### EXERCISE DETAILS
Only the lines from the one containing "Philadelphia Breast Reduction" through the one containing "How Zack Snyders" should be printed, exactly as they appear below, with both ends included.

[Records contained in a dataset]
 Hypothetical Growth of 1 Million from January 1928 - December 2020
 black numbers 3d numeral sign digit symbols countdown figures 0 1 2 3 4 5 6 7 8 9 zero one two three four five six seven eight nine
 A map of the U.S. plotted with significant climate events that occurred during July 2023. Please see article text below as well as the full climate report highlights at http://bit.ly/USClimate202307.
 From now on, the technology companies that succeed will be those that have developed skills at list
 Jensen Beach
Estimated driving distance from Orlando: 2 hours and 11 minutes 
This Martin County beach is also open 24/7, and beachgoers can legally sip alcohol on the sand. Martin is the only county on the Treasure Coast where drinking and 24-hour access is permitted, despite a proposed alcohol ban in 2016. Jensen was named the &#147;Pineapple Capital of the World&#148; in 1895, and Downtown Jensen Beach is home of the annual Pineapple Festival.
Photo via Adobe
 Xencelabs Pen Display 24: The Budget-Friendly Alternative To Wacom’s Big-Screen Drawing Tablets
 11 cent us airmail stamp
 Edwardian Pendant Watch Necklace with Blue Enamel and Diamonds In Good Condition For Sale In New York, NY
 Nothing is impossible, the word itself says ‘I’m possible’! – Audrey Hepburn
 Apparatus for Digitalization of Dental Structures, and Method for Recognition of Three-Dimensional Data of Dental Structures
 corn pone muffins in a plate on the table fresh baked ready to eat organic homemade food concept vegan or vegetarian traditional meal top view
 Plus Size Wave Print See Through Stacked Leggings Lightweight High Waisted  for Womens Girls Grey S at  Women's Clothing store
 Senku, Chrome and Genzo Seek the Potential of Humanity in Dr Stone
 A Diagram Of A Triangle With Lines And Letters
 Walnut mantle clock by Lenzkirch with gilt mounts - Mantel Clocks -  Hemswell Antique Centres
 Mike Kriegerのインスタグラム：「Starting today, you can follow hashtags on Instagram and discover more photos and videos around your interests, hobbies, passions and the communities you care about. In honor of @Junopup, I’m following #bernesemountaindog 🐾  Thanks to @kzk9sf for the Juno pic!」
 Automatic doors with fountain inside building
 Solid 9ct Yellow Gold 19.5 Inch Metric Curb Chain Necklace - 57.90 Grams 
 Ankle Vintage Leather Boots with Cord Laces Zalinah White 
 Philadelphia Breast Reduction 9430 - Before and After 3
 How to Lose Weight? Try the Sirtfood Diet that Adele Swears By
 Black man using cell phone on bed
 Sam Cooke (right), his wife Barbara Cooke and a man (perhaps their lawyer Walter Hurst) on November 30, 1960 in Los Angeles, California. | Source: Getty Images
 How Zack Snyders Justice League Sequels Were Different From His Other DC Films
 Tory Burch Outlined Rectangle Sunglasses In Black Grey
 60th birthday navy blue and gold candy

### RESPONSE BOX
 Philadelphia Breast Reduction 9430 - Before and After 3
 How to Lose Weight? Try the Sirtfood Diet that Adele Swears By
 Black man using cell phone on bed
 Sam Cooke (right), his wife Barbara Cooke and a man (perhaps their lawyer Walter Hurst) on November 30, 1960 in Los Angeles, California. | Source: Getty Images
 How Zack Snyders Justice League Sequels Were Different From His Other DC Films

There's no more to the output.